Dati preoccupanti, rispetto ai quali la risposta non può essere lasciata solo alle forze dell’Ordine e alla magistratura. La categoria deve farsi carico con solidarietà e passione verso il concetto di libertà di stampa della cosiddetta “scorta mediatica”, che consiste nel tornare in tanti su quei luoghi e parlare di quei fatti che hanno determinato le minacce al collega. Nessuno va lasciato solo, ai cittadini non può essere sottratto un pezzo del loro diritto di sapere. Ma sarà possibile solo con una risposta collettiva.

L’aggressione, a Ostia, a una troupe Rai, lo scorso novembre, e quella a una collega Rai a Bari hanno impressionato l’opinione pubblica, ma si è trattato di un fatto eclatante e sotto l’occhio di una telecamera, mentre ci sono episodi di minacce e intimidazioni che non emergono. Per monitorare il fenomeno delle minacce ai cronisti e mettere a punto le opportune misure di tutela è recentemente nato uno specifico coordinamento tra istituzioni (Ministro dell'Interno e Capo della Polizia) e organismi di categoria (Fnsi e Ordine dei giornalisti). Tu hai personalmente partecipato al tavolo. Cosa è finora emerso e quali obiettivi vi siete dati?

Certo, a Ostia e a Bari la forza delle immagini ha dato evidenza a un fenomeno molto più diffuso, come dicevamo. E allora si è messo in moto un meccanismo virtuoso di contrasto, che va sviluppato. Il centro di coordinamento per la sicurezza dei giornalisti è il primo del genere in Europa. Abbiamo oggi un collegamento diretto col Viminale, per cui, dopo la denuncia, i giornalisti possono contattare gli enti di categoria sapendo che c’è un filo diretto col Viminale. Non è poco, ma purtroppo non è una panacea.

I giornalisti sono mediamente preparati per affrontare le problematiche che coinvolgono dei minori? (Penso, ad esempio, al bullismo o al cyberbullismo).

La formazione permanente continua serve proprio a questo: come può un giornalista di mezza età essere specificamente preparato a cose che, quando ha cominciato a lavorare, neanche lontanamente potevano essere immaginate, come il cyberbullismo? Ma qui il discorso si allarga a quel mare di libertà e di rischi che è il web. E l’allarme riguarda soprattutto i centri educazionali, che rischiano di essere scavalcati dalla comunicazione diretta, possibile con Internet e i social. Andiamo, allora, evidentemente molto oltre la domanda posta.

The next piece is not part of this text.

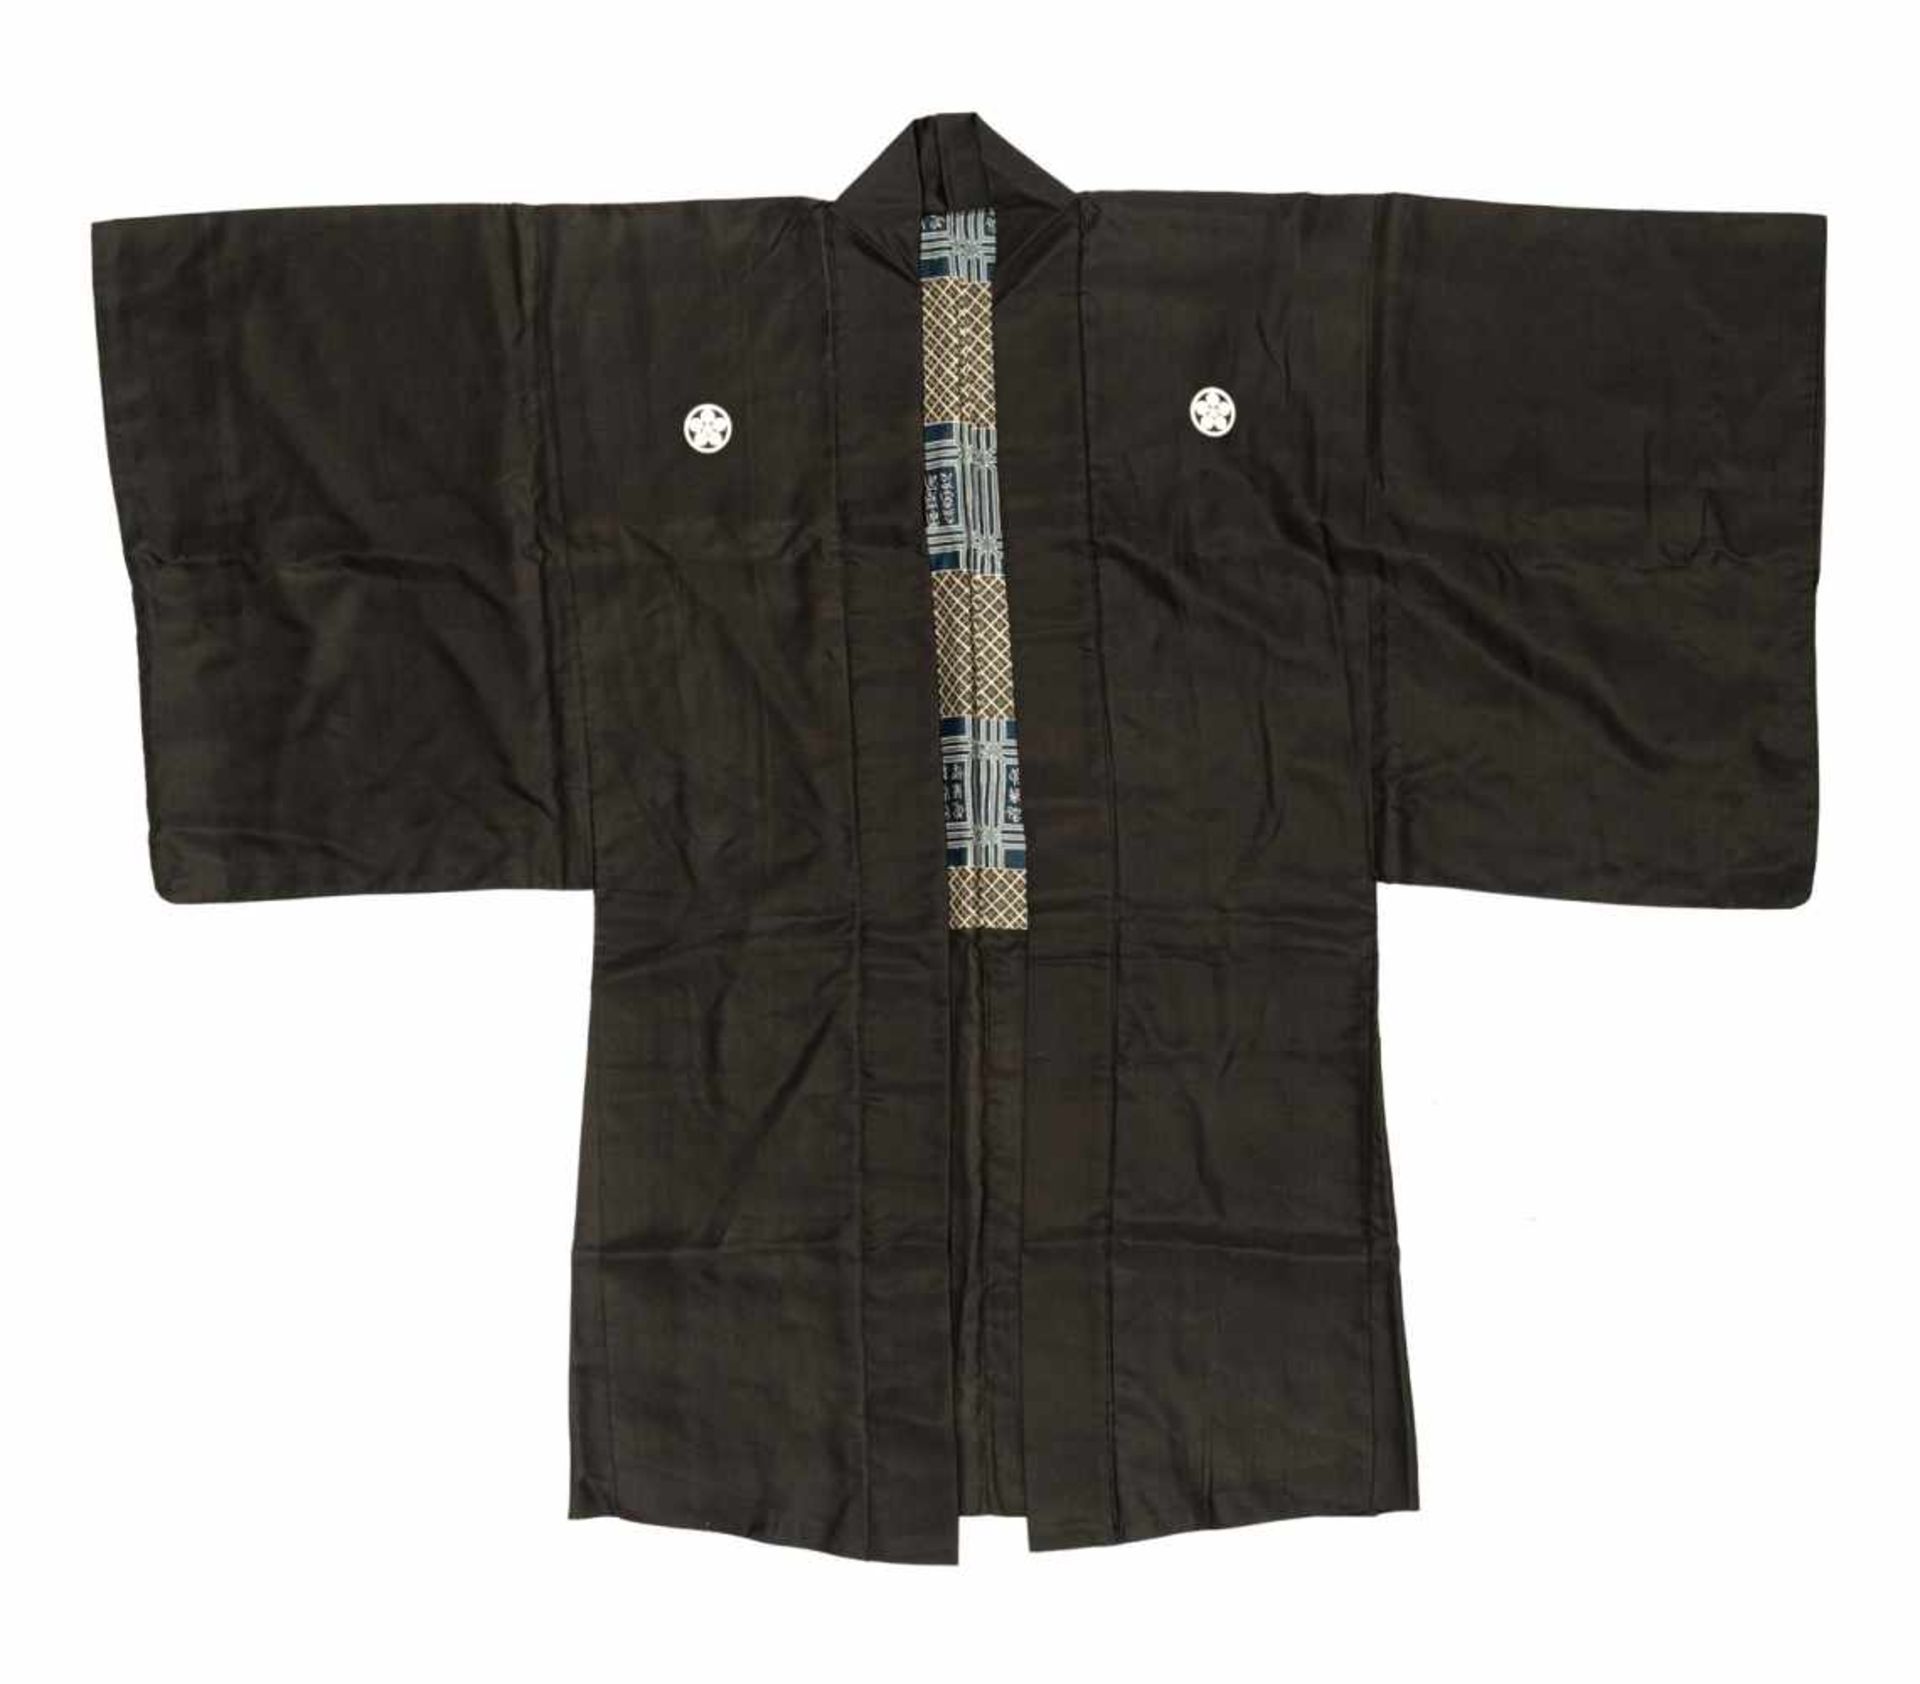 Drei Kimono mit Wappen, Schwerthülle, Hose teils in Seidenbrokat und Seide gearbeitet - Bild 2 aus 16
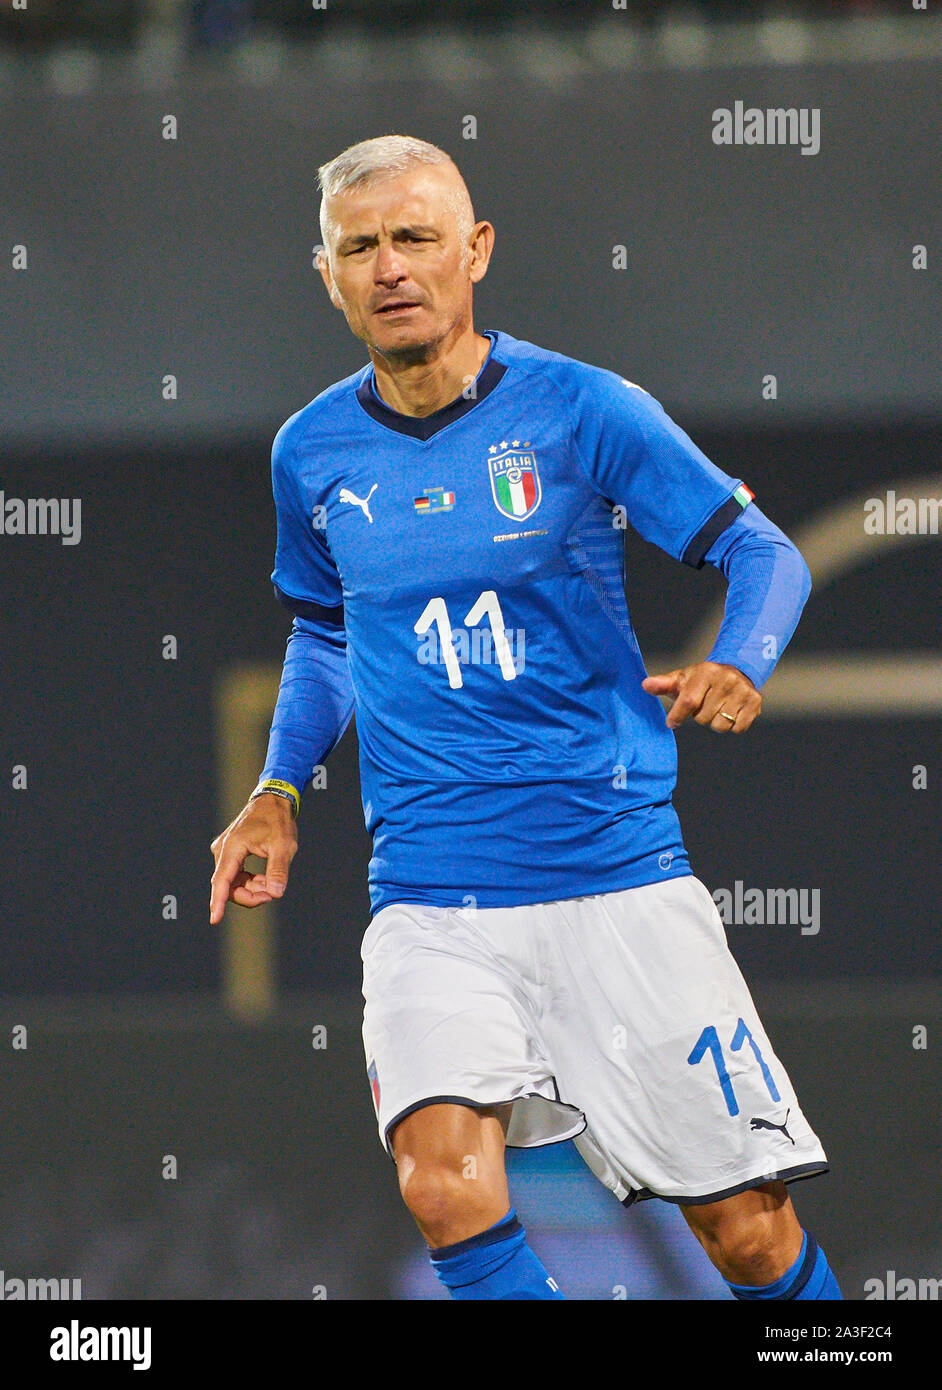 Fabrizio Ravanelli :: Player Profile

La credibilità dei giornalisti risente del fenomeno delle fake news (tra le quali viaggiano anche molte truffe, soprattutto online)? Esistono ambiti di formazione specifica per i cronisti che si occupano di giustizia?

Troppe cose finiscono col giornalista coinvolto quando ha responsabilità e anche quando non ne ha. Va spiegato che le fake in massima parte non sono un prodotto del giornalismo professionale. L’operatore dell’informazione è chiamato, però, a moltiplicare l’attenzione nella validazione delle fonti e la cura nella verifica della notizia. Le bufale sono sempre esistite, ora a far paura è la velocità con cui il loro sviluppo è possibile. Se le fake sono la malattia, i giornalisti devono essere col loro lavoro la medicina.

nella foto: il tavolo del confronto organizzato dall'Ucsi a Roma l'11 giugno all'Associazione Stampa Estera. Ci sono anche Carlo Verna e Vania De Luca, seduti accanto a Francesco Minisci, presidente dell'Associazione nazionale magistrati.